In the case, the 20 state officials argued that the Supreme Court’s 2012 decision to uphold the individual mandate relied on Supreme Court Chief Justice John Roberts’ belief that it was constitutional under Congress’ taxing authority. It was argued that since Congress removed the penalty for failing to get coverage in the Tax Cuts and Jobs Act of 2017, there is no longer a tax so the mandate is unconstitutional. From there, it was argued that the mandate cannot be detached from other provisions in the health law and therefore the entire ACA should be repealed.

“The individual mandate is untethered to any source of constitutional authority,” the Administration wrote in its filing. “In sum, once the associated financial penalty is gone, the ‘tax’ saving construction will no longer be fairly possible and thus the individual mandate will be unconstitutional.”


The Department of Justice, in its filing, reasoned that only the law’s key provisions – like protections for those with pre-existing conditions – are inseverable from the individual mandate and should thus be stricken down by the Texas court.
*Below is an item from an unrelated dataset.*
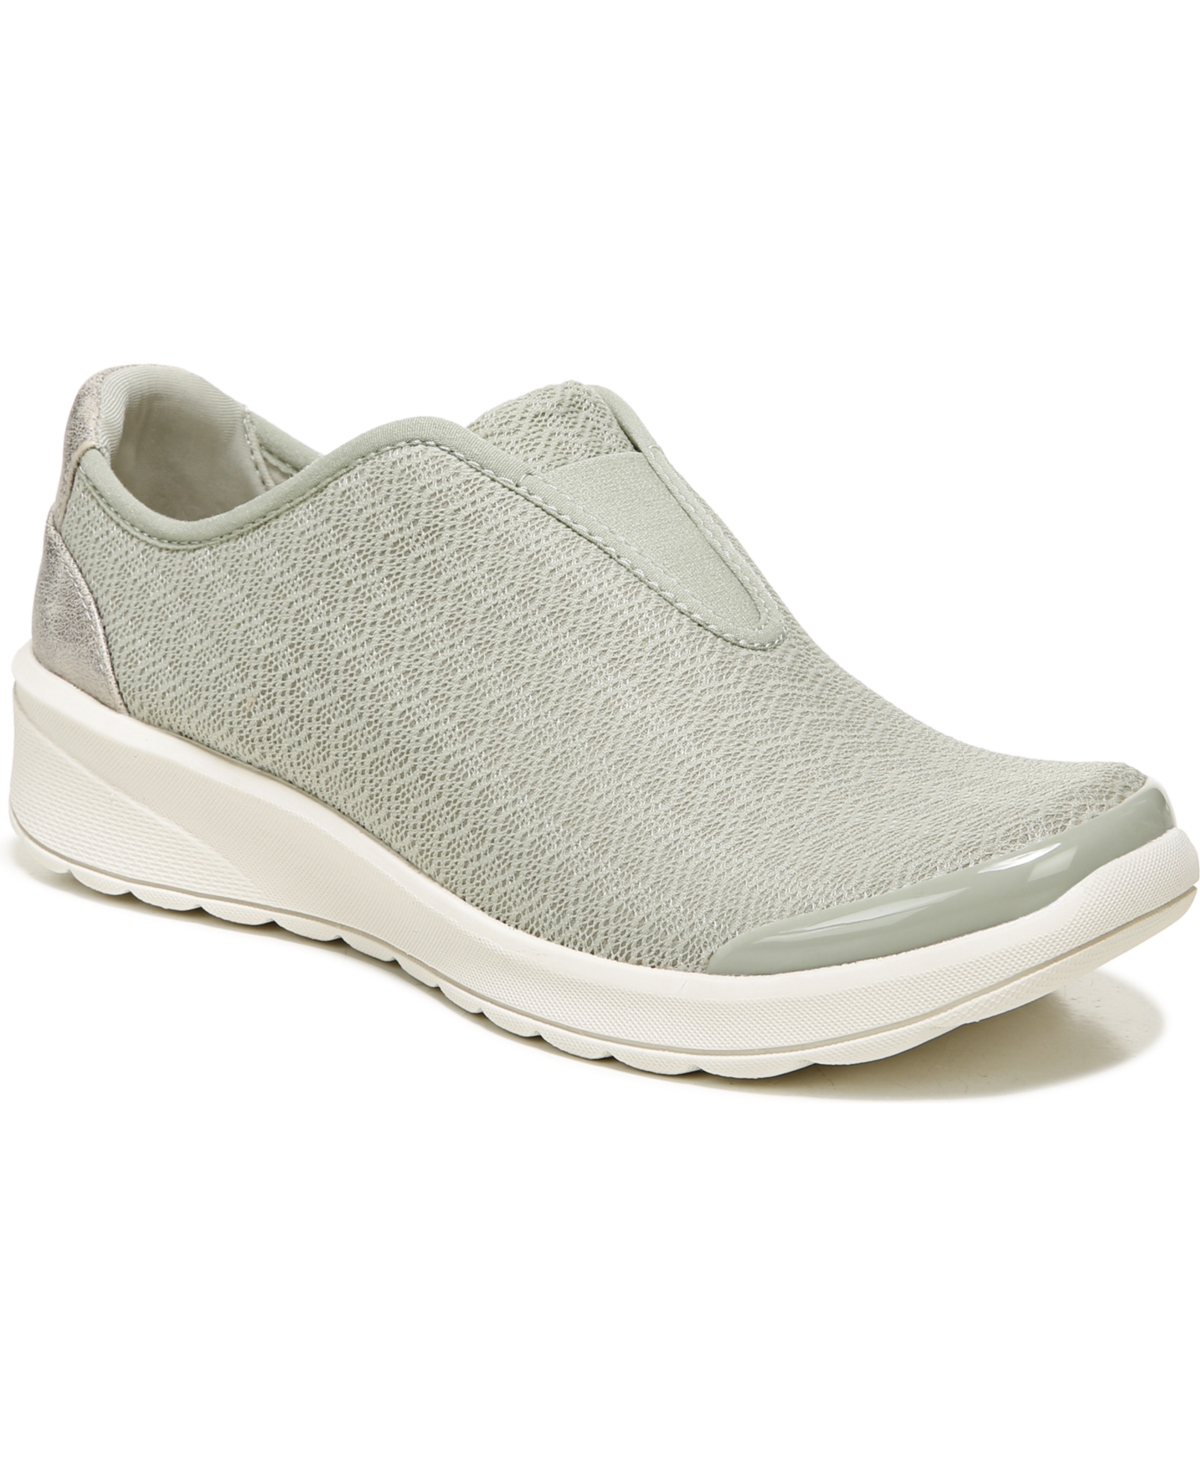 BZEES BZEES GLORY WASHABLE SLIP-ON SNEAKERS WOMEN'S SHOES
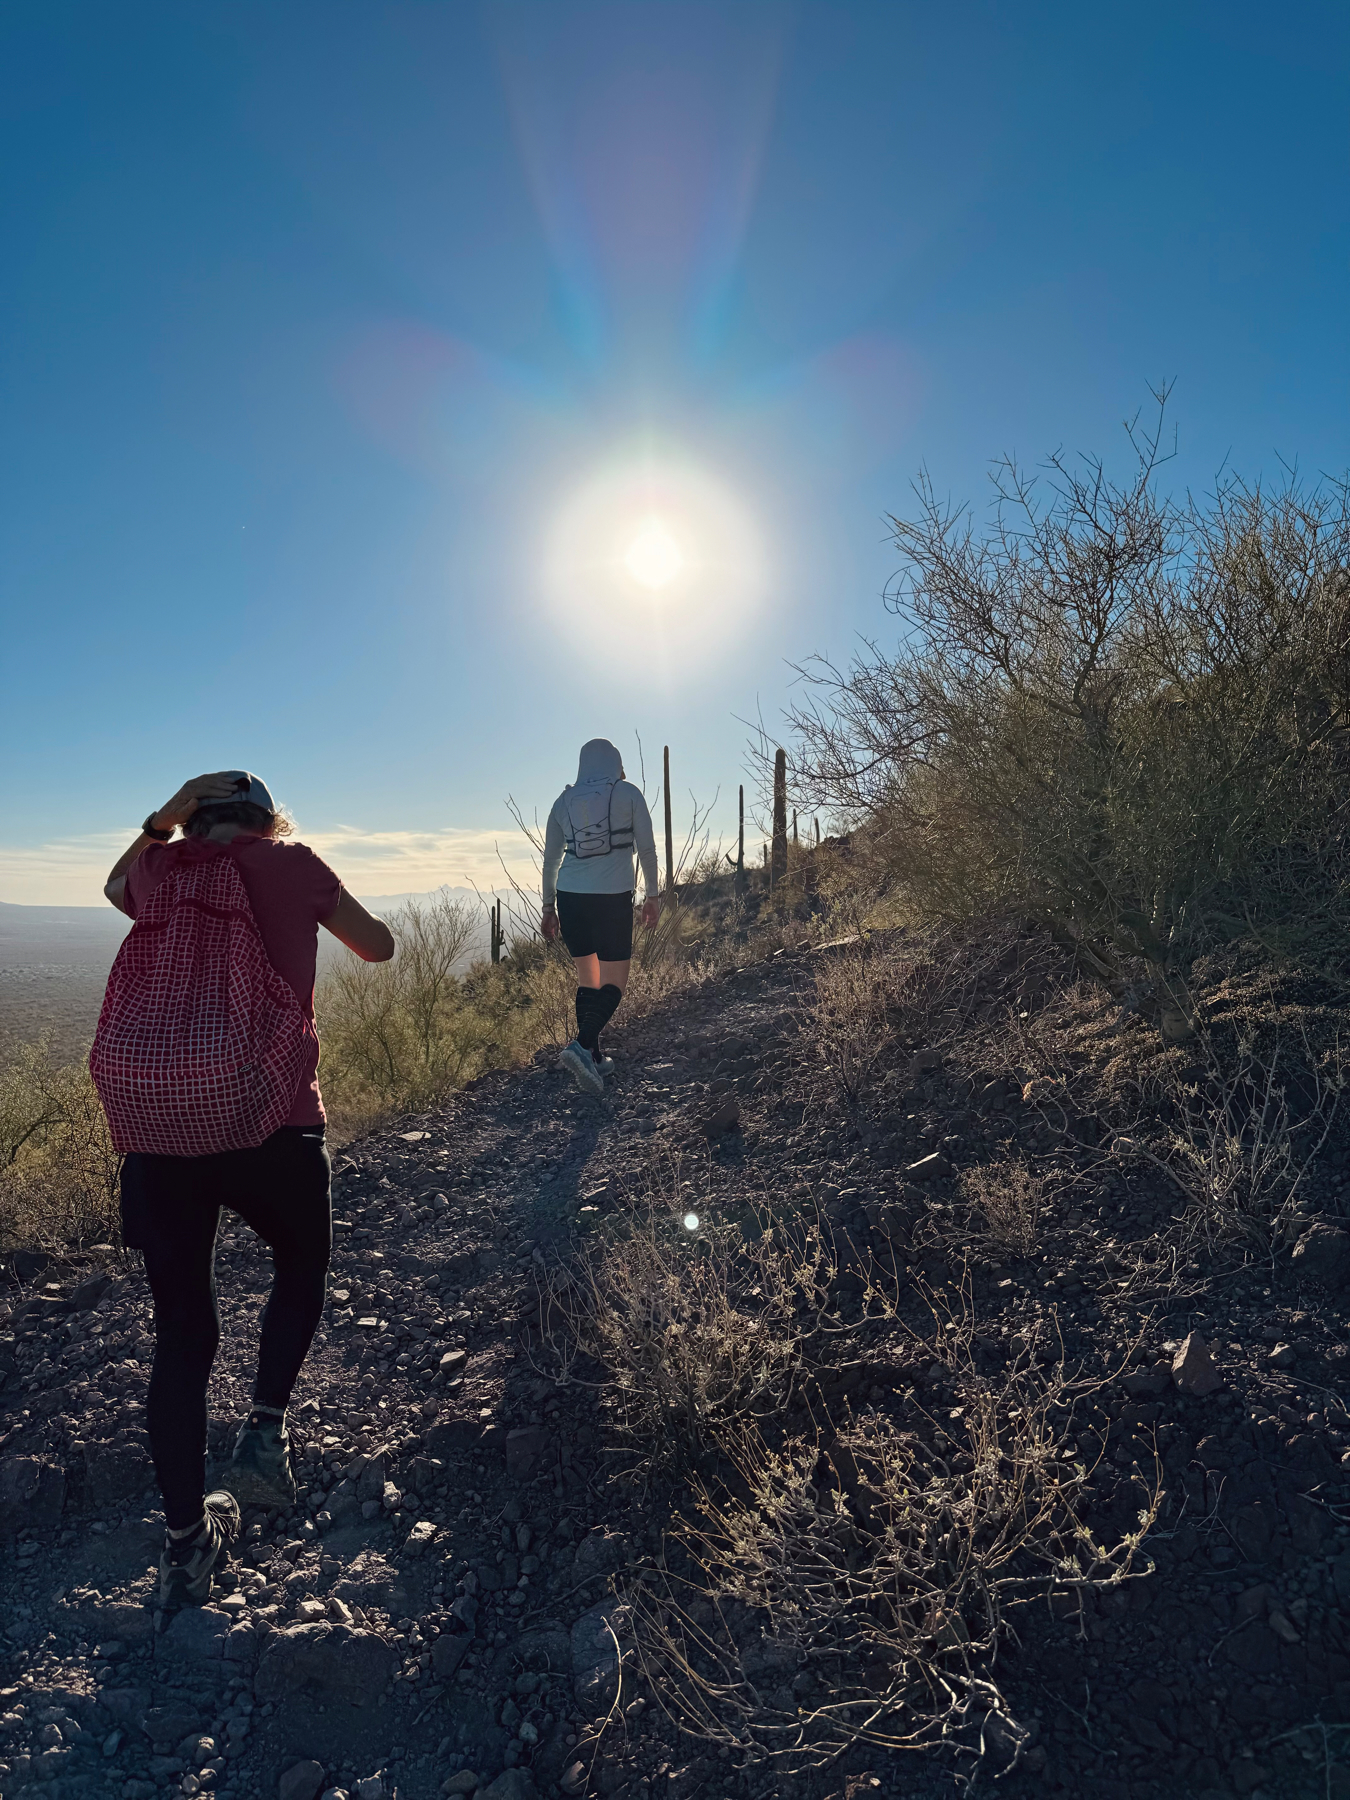 Two hikers ascending a rocky trail with sparse desert vegetation under a bright sun with visible lens flare.

The repeal of protections for those with pre-existing conditions has been a focal point of ACA repeal efforts by the Trump Administration and the 115th Congress.

The filing caught some on Capitol Hill by surprise, with few congressional Republicans rushing to defend the Administration’s decision. Congressman Tom MacArthur – a key author of the House’s ACA repeal legislation, the American Health Care Act said, “I introduced [an amendment in 2017 that] would guarantee coverage for pre-existing conditions. I think that’s a pretty essential pact with the American people. We need to let them go forward and see if it goes anywhere. Right now, they’ve simply made an appeal to the court.”


The Texas court will continue to review filings from other interested parties and will likely render a decision sometime later this year. Legal experts suggest that this case, regardless of its Texas outcome, will likely end up being moved up for consideration by the Supreme Court.